The start of the book covers the beginnings of McDonalds, Carl's Jr, Wendy's. and other now-famous chains. Reading the capitalistic accounts of the owners is truly remarkable in understanding how these people got where they are today. However, there is a dark side to their success, one that Schlosser reveals to the reader and reveals the true nature of the business: profits.

Schlosser covers the non-unionized workers that run the stores. They are at risk to robberies and are underpaid and have no real benefits. They are also given no real job skills, yet the restaurants receive tax breaks for the high rate of turnover on their employees. Schlosser then takes the reader through tours of various slaughterhouses.
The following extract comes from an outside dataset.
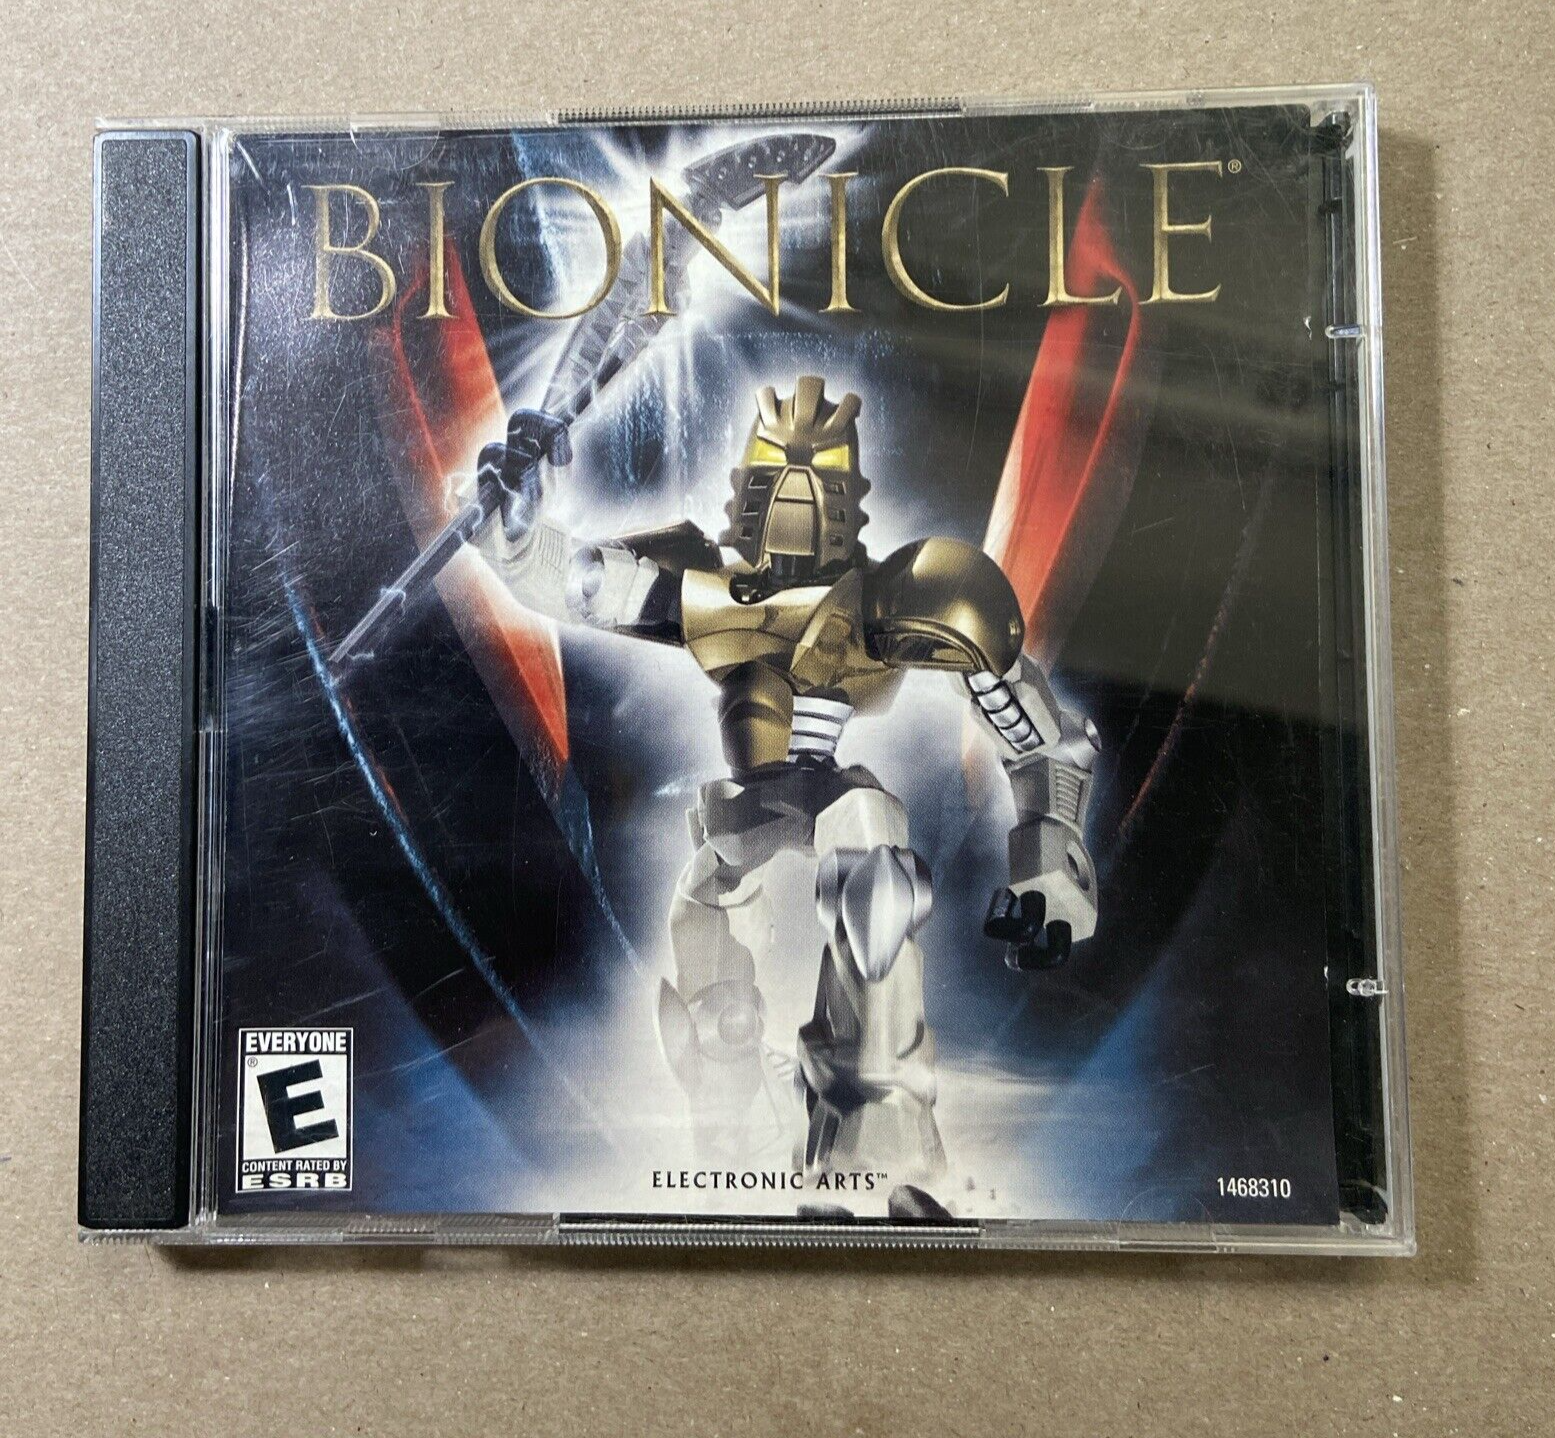 Bionicle 2-Disc PC CD Rom Game Lego 2003 complete in Jewel Case - $7.87

He has personally interviewed workers who are forced to do rush jobs butchering animals and who have high rates of on the job injuries that are quietly swept under the carpet. Most of the workers in charge of the nation's meat supply are uneducated illegal aliens. Most of the food found in fast food restaurants has been overly processed and may contain fecal matter or other contaminants, according to Schlosser. The overworked and understaffed USDA is often at the mercy of the meat plants. Despite repeat violations, even the USDA continues to purchase meat for school lunches from cited meat plants.

There are many throwbacks in this book from Upton Sinclair's, The Jungle (the book is dedicated to "Red"). From reading the book, one would guess we are only a little better than where we were in 1906. The book doesn't advocate vegetarianism, but does equate the working conditions for the delivery of the cheap burger to those of the sweat shop workers. I found the book extremely compelling and factual, one that made huge amounts of sense to me as I see trend of homogenizing America, and the world.